# Brooks Brothers Tie Width Change



## statboy (Sep 1, 2010)

Now the sky may really be falling. I am in panic mode. Went into BB today as I do about once per week since it is near my office and lunch spots. Knowing the semi-annual sale is coming up, I planned to scope out which ties to grab. The entire collection of ties in store have been swapped out with 3.25-inch wide ones. They were 3.5-3.75 previously. There wasn't a single wider one left in the whole store! The SA told me it is the 'new classic' for the regimentals. Sure enough, the website shows the same, I don't even know if we can get the older widths anymore.

They must have thought they could sneak this change in just in time for the sale. The tie rack looks like Jcrew. Yes, I know skinny ones are possibly more 'Ivy' or whatever, blah blah, I don't like them.


----------



## Mike Petrik (Jul 5, 2005)

I view this as welcome news, though I wish BB was motivated by a desire to return to trad roots rather than simply realigning to the fashion preference of the moment. That said, I do appreciate your outrage statboy, even if I cannot share it. You'll probably find more sympathy on the fashion forum, though I could be wrong.


----------



## smmrfld (May 22, 2007)

This is great news...thanks for sharing.


----------



## statboy (Sep 1, 2010)

I realize 3.25 does not seem skinny to some people. But I have a 38 waist and 45 chest, so 3.25 just doesn't look good on me. I just wish they had _some_ of the wider ones in store.


----------



## sbdivemaster (Nov 13, 2011)

It may not be that helpful in the cost department, but you could pick up ties during the sale (or on feeBay after the sale) and then have them widened at Tie Crafters...


----------



## statboy (Sep 1, 2010)

sbdivemaster said:


> It may not be that helpful in the cost department, but you could pick up ties during the sale (or on feeBay after the sale) and then have them widened at Tie Crafters...

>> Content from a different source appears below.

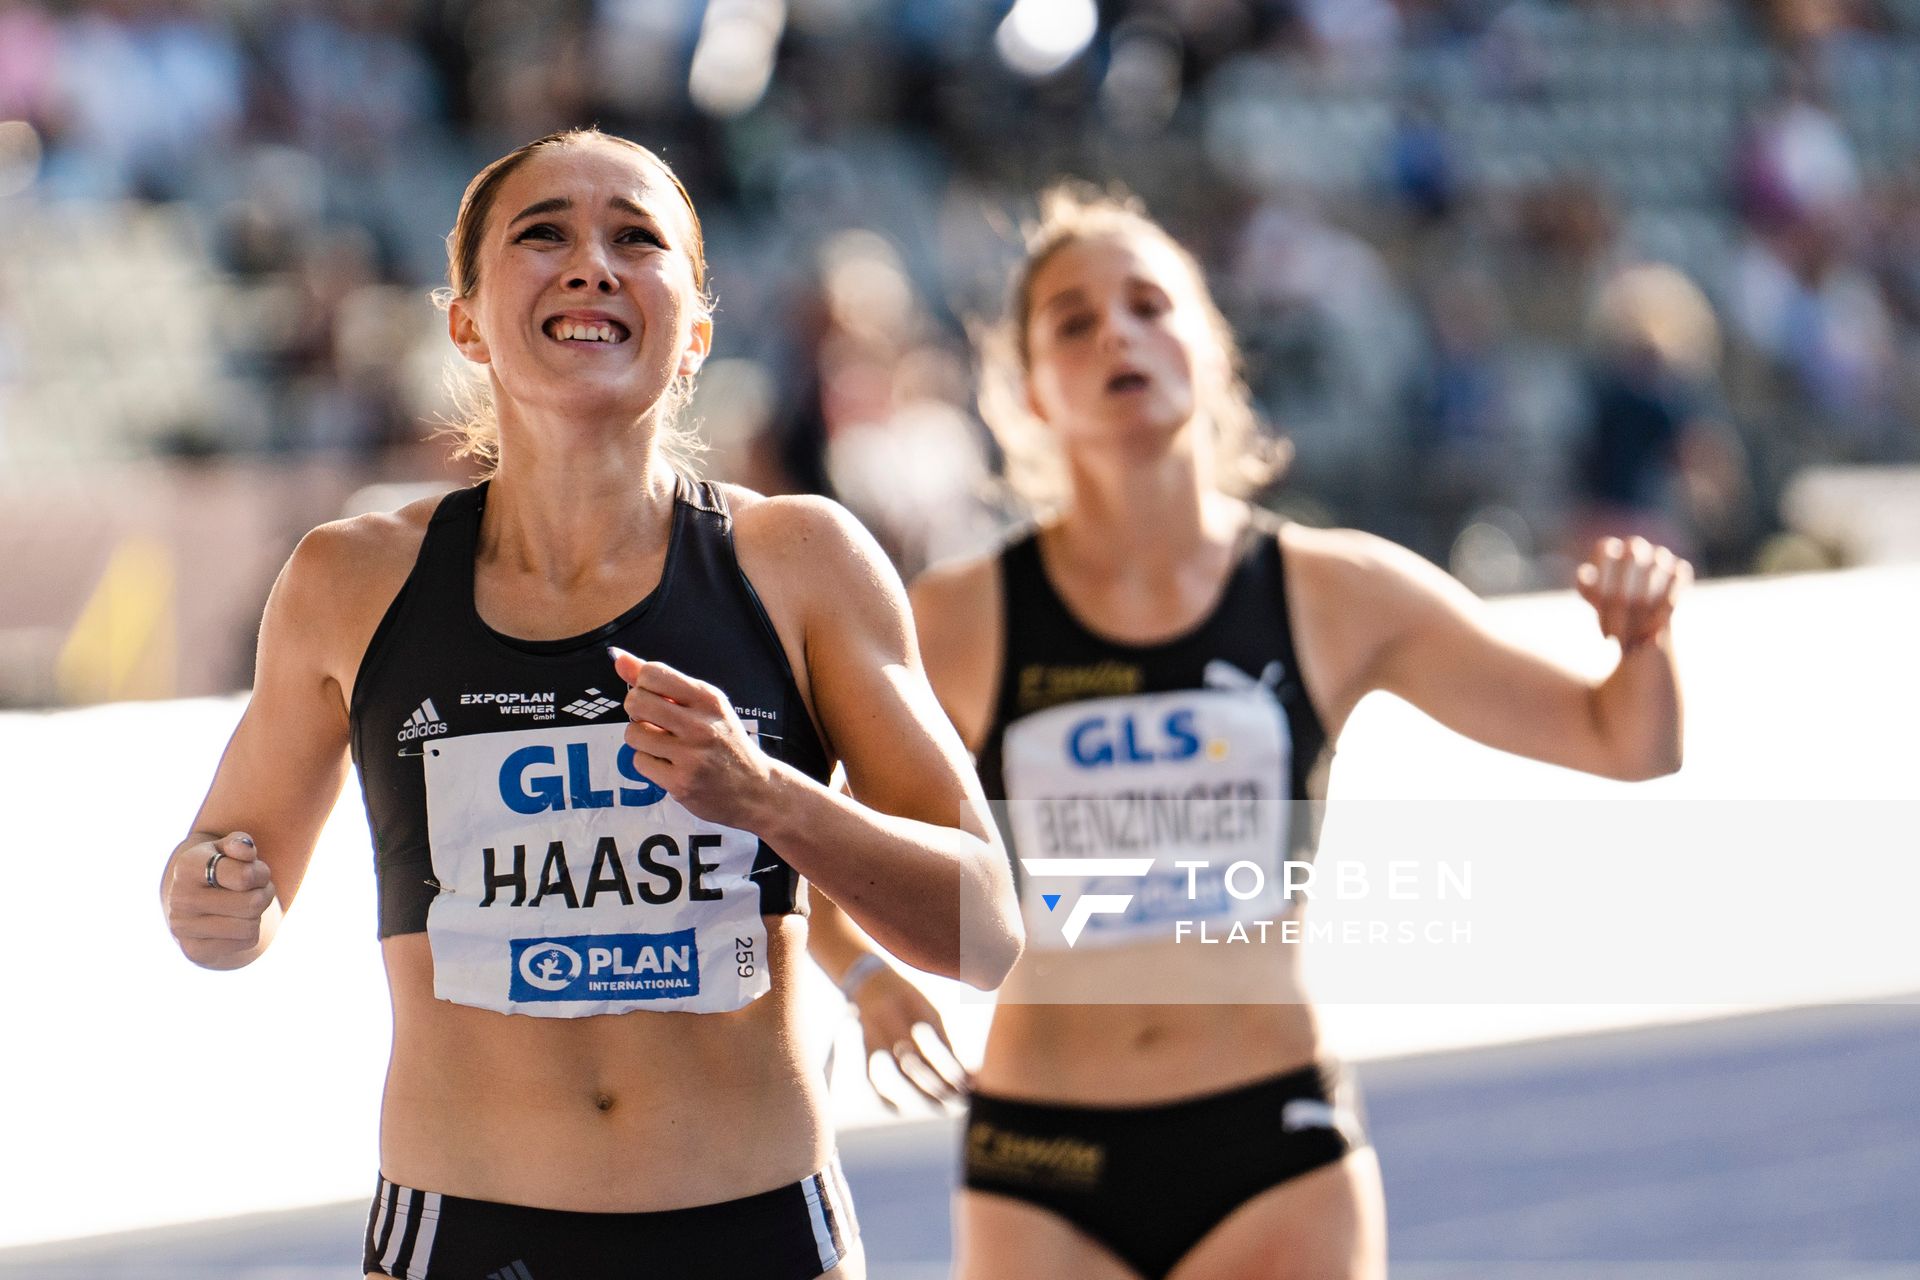 Rebekka Haase (Sprintteam Wetzlar) gewinnt die 200m waehrend der deutschen Leichtathletik-Meisterschaften im Olympiastadion am 26.06.2022 in Berlin

I think I can probably find a decent selection of the 3.5s on ebay currently. I just wonder what they did with them, do you think they sent them to the factory stores?


----------



## upthewazzu (Nov 3, 2011)

Seems like a welcome change to me. The fat ties make me look like a Senator wannabe. They were all the rage a few years back but they look a bit ridiculous now.


----------



## CdnTrad (May 27, 2012)

I too am quite happy to hear that they're sticking to 3.25 widths. A little surprised though, as they are bound to alienate at least a few customers.


----------



## hookem12387 (Dec 29, 2009)

3.25" is my sweet spot, so I like it. I understand the disappointment, though.


----------



## Titus_A (Jun 23, 2010)

I've never understood why they don't sell multiple widths of the core solids and regimentals.


----------



## Topsider (Jul 9, 2005)

Give it time. They'll be back.


----------



## Oldsarge (Feb 20, 2011)

You can always go to . They will be better ties and probably cost less, except when the BB's are on sale, of course.


----------



## MacTweed (Oct 30, 2011)

statboy said:


> I just wonder what they did with them, do you think they sent them to the factory stores?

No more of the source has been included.